Sober, E. 2000. Philosophy of biology, 2 ed. Westview Press, USA.

This entry was posted in Definitions, Questions to readers by Amy Hurford. Bookmark the permalink.

I am a theoretical biologist. I became aware of mathematical biology as an undergraduate when I conducted an internet search to learn about the topic. Now, twelve years later, I want to know, what is it that makes great models great? This blog is the chronology of my thoughts as I explore this topic.

## 7 thoughts on “Interpreting probabilities”
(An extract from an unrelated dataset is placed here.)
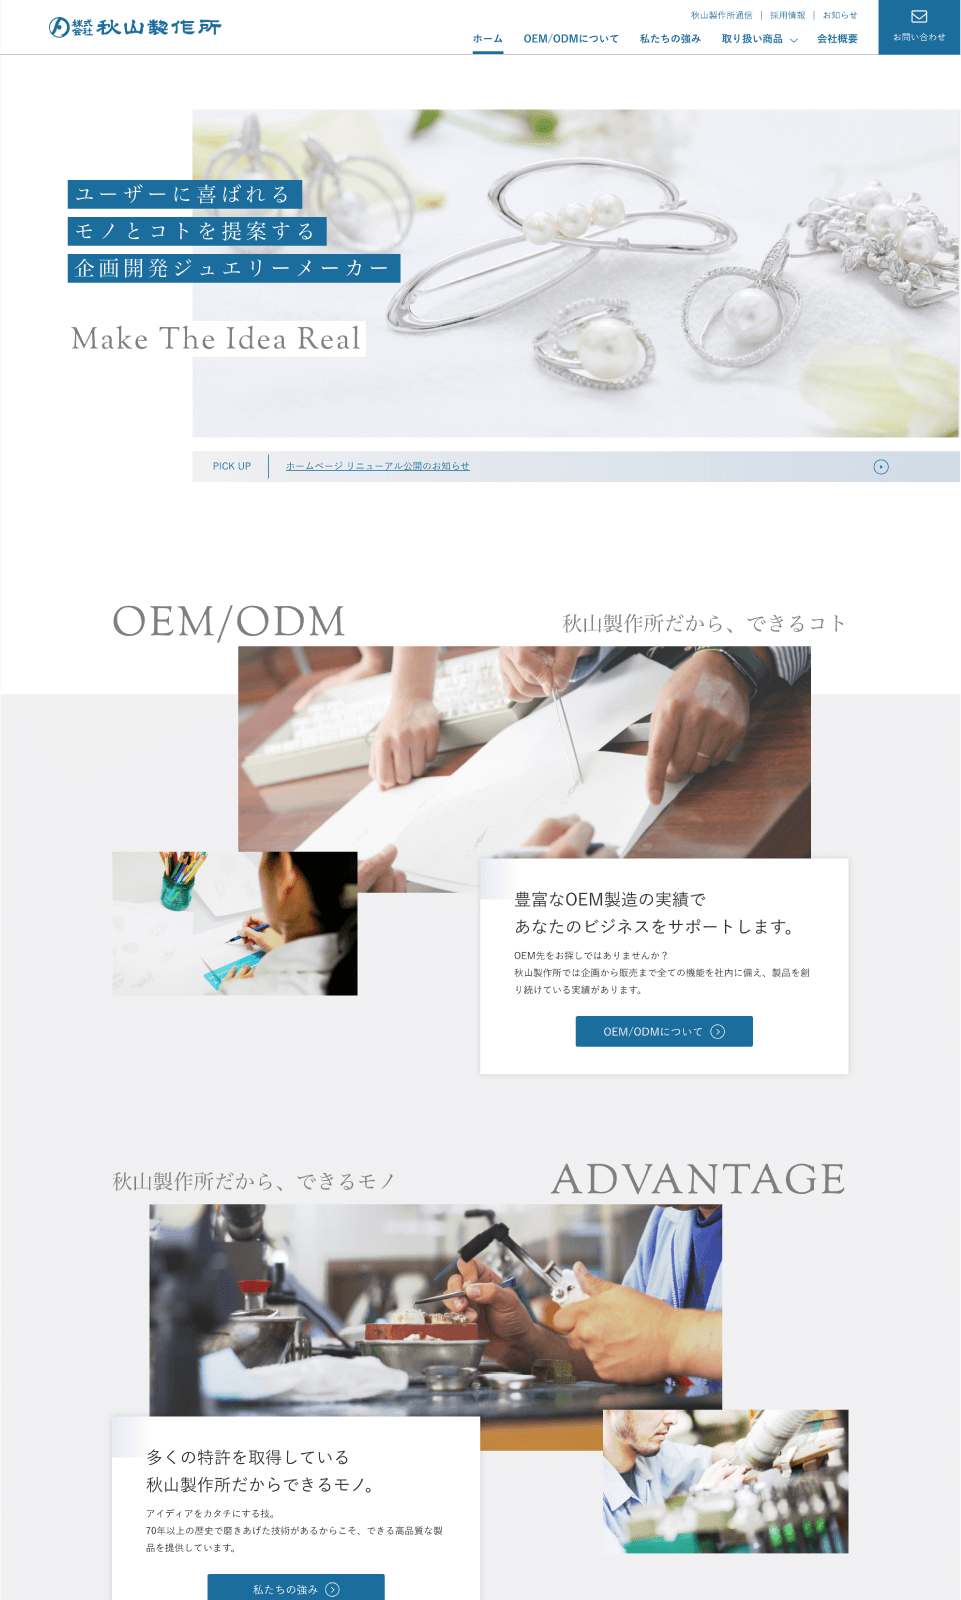 株式会社 秋山製作所

1. I have to admit that I have problems to appreciate the relevance of these subtle differences in the definition of probability. As far as I can see, any probabilistic hypothesis (i.e. a stochastic model, and this is what we are interested in) will usually make a clearly defined prediction, in terms of probability (distributions), for its possible outcomes.

The point where the things are getting messy is when we come to the problem of inference (inverse probability), where we want to make statements about the relative probability of alternative probabilistic hypotheses (differing in parameters or structure) based on observed outcomes, not knowing in advance how many alternative hypotheses there are and whether the “true” model is in our list.

This is the point where the three main modes of statistics (Frequentist, MLE, Bayes) have advocated different approaches. In that respect, I guess one could conclude that statistics “lacks a sound philosophical basis”, but I personally prefer to think of these three approaches as three indicators that are consistent by definition, but simply report different things. They only appear inconsistent when it is wrongly assumed that they report the same thing, namely the probability of a model to be “true” in an absolute sense, which is actually provided by none of them.

I’d be really glad to be able to point to a comprehensible and at the same time mathematically precise review paper on the mathematical / philosophical differences and the historical reasons for going from the Bayesian approach to MLE and the frequentist view, but I haven’t found one so far (any suggestions appreciated). As far as MLE is concerned, I still find the original reference by Fisher one of the best accounts of the reasons for going from Bayes to the MLE view, where Fisher clearly rejects interpreting the integrals of the Likelihood as probabilities and therefore sets to the cornerstones for the current MLE framework with likelihood ratio tests etc (see p. 326).

Fisher, R. A. (1922) On the mathematical foundations of theoretical statistics. Philos. T. Roy. Soc. A., 222, 309-368.